[Extracted records]
·····

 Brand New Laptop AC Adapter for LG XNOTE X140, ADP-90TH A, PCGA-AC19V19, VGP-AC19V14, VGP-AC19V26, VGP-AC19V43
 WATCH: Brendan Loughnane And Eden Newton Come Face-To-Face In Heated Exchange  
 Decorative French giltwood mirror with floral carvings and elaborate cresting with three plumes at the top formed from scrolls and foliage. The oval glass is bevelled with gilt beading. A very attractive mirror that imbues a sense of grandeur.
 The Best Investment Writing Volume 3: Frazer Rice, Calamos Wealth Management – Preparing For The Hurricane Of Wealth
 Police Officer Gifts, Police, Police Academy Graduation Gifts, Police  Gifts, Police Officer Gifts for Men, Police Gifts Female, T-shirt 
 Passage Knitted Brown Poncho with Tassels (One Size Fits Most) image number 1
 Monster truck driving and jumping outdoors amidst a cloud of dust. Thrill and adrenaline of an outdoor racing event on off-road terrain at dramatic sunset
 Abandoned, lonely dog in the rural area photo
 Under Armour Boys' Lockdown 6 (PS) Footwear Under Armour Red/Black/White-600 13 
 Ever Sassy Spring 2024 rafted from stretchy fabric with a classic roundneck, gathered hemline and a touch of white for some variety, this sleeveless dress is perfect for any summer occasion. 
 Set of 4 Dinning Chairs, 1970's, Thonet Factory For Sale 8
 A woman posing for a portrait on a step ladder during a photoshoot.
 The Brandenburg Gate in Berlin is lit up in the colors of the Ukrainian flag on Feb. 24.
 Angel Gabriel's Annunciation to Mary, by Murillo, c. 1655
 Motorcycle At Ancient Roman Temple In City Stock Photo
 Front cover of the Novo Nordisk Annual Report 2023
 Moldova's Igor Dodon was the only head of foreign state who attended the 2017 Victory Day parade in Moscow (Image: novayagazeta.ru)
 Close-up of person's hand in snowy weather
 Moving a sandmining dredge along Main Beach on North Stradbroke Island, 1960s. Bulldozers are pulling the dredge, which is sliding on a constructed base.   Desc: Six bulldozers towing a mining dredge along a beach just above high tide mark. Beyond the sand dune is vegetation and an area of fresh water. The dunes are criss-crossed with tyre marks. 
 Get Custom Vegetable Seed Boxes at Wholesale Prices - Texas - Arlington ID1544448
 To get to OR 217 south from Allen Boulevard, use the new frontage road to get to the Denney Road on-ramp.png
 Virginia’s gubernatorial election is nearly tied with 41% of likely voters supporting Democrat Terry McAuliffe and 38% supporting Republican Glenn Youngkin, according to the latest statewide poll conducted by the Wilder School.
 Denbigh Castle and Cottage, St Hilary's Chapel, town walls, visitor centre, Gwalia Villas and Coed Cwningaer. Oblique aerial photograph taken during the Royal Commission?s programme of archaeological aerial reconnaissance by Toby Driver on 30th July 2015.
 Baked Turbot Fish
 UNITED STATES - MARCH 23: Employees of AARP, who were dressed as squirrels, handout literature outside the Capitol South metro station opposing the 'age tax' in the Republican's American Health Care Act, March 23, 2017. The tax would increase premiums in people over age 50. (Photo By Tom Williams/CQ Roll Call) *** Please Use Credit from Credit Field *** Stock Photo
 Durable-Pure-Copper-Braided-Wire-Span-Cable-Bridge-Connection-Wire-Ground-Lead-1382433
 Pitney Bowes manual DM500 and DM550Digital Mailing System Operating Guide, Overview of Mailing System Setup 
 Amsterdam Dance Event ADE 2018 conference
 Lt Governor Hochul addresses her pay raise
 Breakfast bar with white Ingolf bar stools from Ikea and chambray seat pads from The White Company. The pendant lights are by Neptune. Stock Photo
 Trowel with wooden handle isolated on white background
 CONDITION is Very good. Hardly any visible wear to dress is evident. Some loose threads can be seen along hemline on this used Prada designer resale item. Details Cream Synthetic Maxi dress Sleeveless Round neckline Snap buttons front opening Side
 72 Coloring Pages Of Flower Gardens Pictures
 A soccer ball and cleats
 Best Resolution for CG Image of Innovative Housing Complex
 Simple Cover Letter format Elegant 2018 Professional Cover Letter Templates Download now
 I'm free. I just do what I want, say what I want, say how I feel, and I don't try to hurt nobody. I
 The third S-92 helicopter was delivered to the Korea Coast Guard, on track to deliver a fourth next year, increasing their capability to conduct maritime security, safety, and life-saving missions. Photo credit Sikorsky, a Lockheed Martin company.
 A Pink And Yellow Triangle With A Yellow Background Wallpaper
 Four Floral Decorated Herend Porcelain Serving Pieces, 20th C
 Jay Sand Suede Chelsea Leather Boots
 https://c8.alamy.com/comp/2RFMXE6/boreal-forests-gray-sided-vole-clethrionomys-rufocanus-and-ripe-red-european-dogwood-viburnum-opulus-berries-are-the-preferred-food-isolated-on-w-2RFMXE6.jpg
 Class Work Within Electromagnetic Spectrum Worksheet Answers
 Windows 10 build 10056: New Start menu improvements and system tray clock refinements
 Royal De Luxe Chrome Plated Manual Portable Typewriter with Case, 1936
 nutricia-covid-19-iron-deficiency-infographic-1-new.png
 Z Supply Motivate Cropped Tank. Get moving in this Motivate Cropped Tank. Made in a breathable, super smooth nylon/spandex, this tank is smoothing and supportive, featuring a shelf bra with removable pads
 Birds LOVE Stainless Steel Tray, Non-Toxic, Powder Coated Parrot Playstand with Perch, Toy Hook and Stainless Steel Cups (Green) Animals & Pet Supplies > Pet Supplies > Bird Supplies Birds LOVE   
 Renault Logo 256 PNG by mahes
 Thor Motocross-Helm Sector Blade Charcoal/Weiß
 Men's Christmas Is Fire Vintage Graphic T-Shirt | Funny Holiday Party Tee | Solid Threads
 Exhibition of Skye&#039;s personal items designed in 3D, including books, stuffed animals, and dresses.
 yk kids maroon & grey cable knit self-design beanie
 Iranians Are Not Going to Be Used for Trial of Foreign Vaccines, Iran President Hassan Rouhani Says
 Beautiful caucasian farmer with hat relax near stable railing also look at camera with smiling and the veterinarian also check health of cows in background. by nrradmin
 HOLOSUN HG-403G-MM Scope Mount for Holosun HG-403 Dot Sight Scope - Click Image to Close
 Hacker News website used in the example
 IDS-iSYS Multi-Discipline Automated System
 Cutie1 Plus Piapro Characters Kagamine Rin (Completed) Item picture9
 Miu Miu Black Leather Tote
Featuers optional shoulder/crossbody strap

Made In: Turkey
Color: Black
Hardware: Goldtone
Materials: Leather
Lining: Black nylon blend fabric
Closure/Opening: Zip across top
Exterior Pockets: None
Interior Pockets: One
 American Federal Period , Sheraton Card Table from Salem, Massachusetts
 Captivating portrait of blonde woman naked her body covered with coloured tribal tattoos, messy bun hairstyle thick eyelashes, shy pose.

·····

*WORK TASK:* Nothing should appear in the answer except the lines from the one with "Miu Miu Black Leather Tote" through the final line of the records, written exactly.

*ANSWER SECTION:*
 Miu Miu Black Leather Tote
Featuers optional shoulder/crossbody strap

Made In: Turkey
Color: Black
Hardware: Goldtone
Materials: Leather
Lining: Black nylon blend fabric
Closure/Opening: Zip across top
Exterior Pockets: None
Interior Pockets: One
 American Federal Period , Sheraton Card Table from Salem, Massachusetts
 Captivating portrait of blonde woman naked her body covered with coloured tribal tattoos, messy bun hairstyle thick eyelashes, shy pose.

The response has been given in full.